Did you know that eating spicy foods had numerous health benefits? Well, you do now.
The common misconceptions are that spicy food is bad for your stomach and oesophagus lining, and that spicy food will ruin your teeth and tastebuds, and will always cause gastrointestinal problems. Of course, if our bodies aren’t used to the heat – or perhaps we added a bit too much spiciness to the dish – some of us might experience unpleasant side-effects. But they are just temporary. Let us outline why getting in some spice can boost your training, not just by strengthening your immune system, but by reducing inflammation, bolstering your cardiovascular system, lowering your blood sugar and reducing symptoms of PMS.
Many people mistakenly think that spicy food will damage your stomach lining. But unless you all ready have a severe gastric condition you shouldn’t worry. Studies have in fact shown that the substance that gives chillies their heat, capsaicin, does in fact repair – and not damage – the stomach lining. Capsaicin can even help heal the damage caused by anti-inflammatory drugs (like aspirin) that cause ulcers. Furthermore, not only do they not cause ulcers, they can help prevent them by killing bacteria you may have ingested, while stimulating the stomach to secrete protective buffering juices.
Spicy foods trigger an increase of blood flow, this in turn strengthens our cardiovascular system. Eating hot peppers has also been proven to reduce blood cholesterol and the formation of blood clots. All of these benefits lead to a lower risk of pulmonary embolism and heart attacks. The natural antioxidant properties of peppers also help keep our hearts healthy.
Cayenne pepper should be your go-to spice to help relieve those aches and pains. Did you know the heat factor in cayenne pepper is brought on by capsaicin, which is the substance that makes peppers hot? It is highly therapeutic as it helps combat soreness. Research also suggests that cayenne pepper helps improve circulation, and helps to fight prostrate cancer and ulcers.
Cinnamon is the sweeter and gentler of spices which comes from the bark of a tropical evergreen tree. It has one of the highest antioxidant values of any spice. Cinnamon has been shown to reduce inflammation, lower blood sugar and blood triglyceride levels, alleviate nausea and increase sensitivity to insulin as an aid in fat burning. It also helps keep your blood sugar in check which helps prevent reaching for those sugary cakes in the afternoon... It’s also a good source of manganese, iron and calcium. But, branch out from the most common uses, such as in coffee, cookies, muffins and desserts. Try it not only in curries, but pour it over oatmeal, yogurt or cottage cheese, stir it into peanut butter or protein shakes and sprinkle it on sweet potatoes or carrots. Cinnamon also kills bacteria, so the next time you get a cut, you can actually sprinkle the spice on the wound. Learnt something new there, right?

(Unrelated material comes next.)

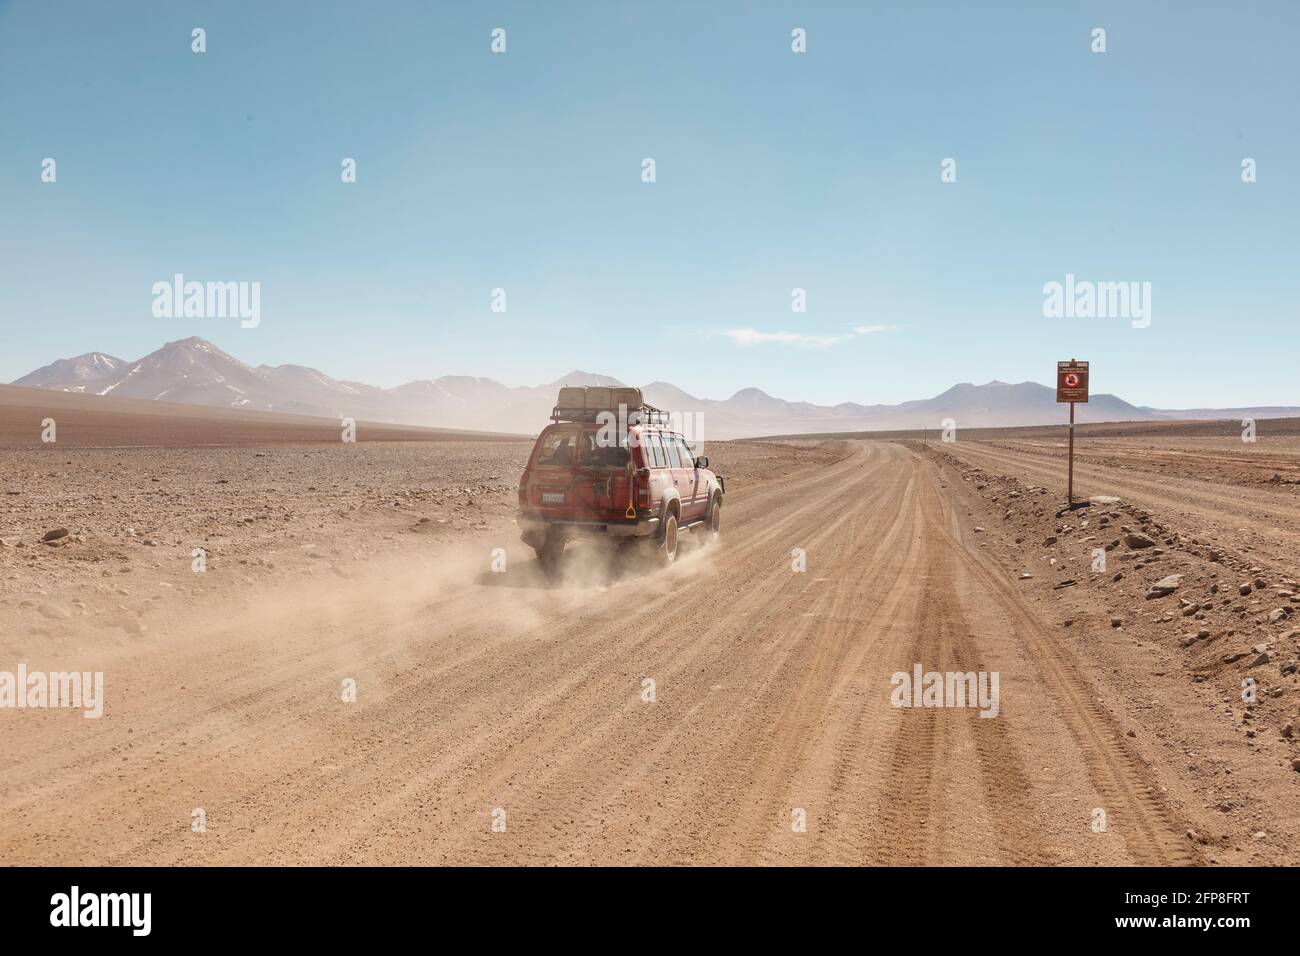 4x4 off-road, tourist vehicles driving across the Bolivia's desert landscape on an overland safari. Stock Photo
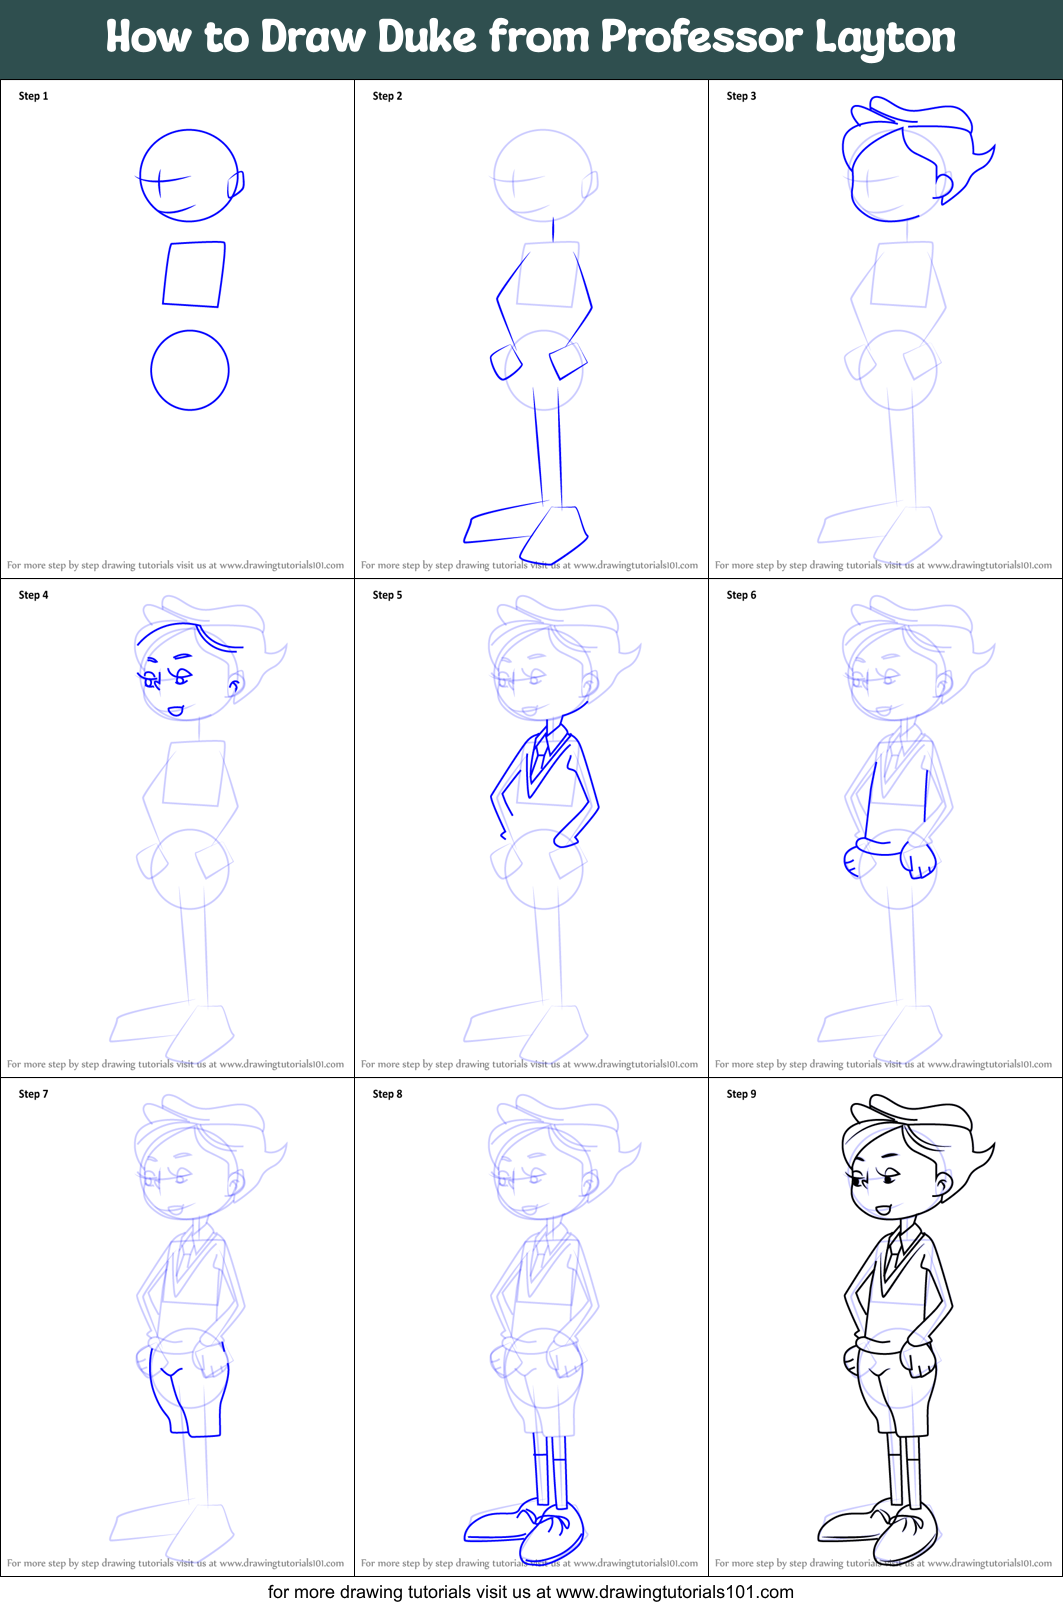 How to Draw Duke from Professor Layton printable step by step drawing

Here's a fun fact for you: turmeric is what gives common mustard, butters and cheeses their yellow colour. Many claim that this bright orange-yellow spice provides pain relief equal or better to over-the-counter remedies such as ibuprofen. Turmeric is also being investigated for its potential benefits for those with Alzheimer’s disease, arthritis and cancer. An incredibly powerful antioxidant, turmeric contains anti-inflammatory and anti-bacterial properties while helping to digest fats quickly. Add pinches of it to a variety of foods, including meats and salads. Curries and sauces are also great bases for turmeric. For those who don’t care for the taste there are also turmeric capsules on the market.
Not just for shoving on your pizzas. Oregano also has, like many of the spices discussed in this article, antiviral, antibacterial, anticancer, antioxidant and antibiotic properties. Its oil and leaves are used medicinally in treating coughs, fevers, congestion, body-aches and other illnesses. Use it as a seasoning in stews, pizzas and tomato-based sauces. Whenever possible, opt for fresh oregano leaves, which can enhance the flavour of salads and soups.
This is more for the ladies. Research shows that fennel seeds can help reduce symptoms of PMS as they are packed with essential oils that work to relax muscle spasms and a range of cramps, from digestive to muscular. Fennel tea is also surprisingly tasty, or you can easily make your own by crushing some seeds and adding hot water.
Last but certainly not the least. Ginger can go in pretty much anything. Delicious grated into stir fries (with soy sauce, yummy), and into soups and porridge. It helps hangovers and calms nausea with its compounds gingerols and shogoals. For a quick hangover fix, chuck a chunk of the root into a mug and add hot water, this will stop you puking.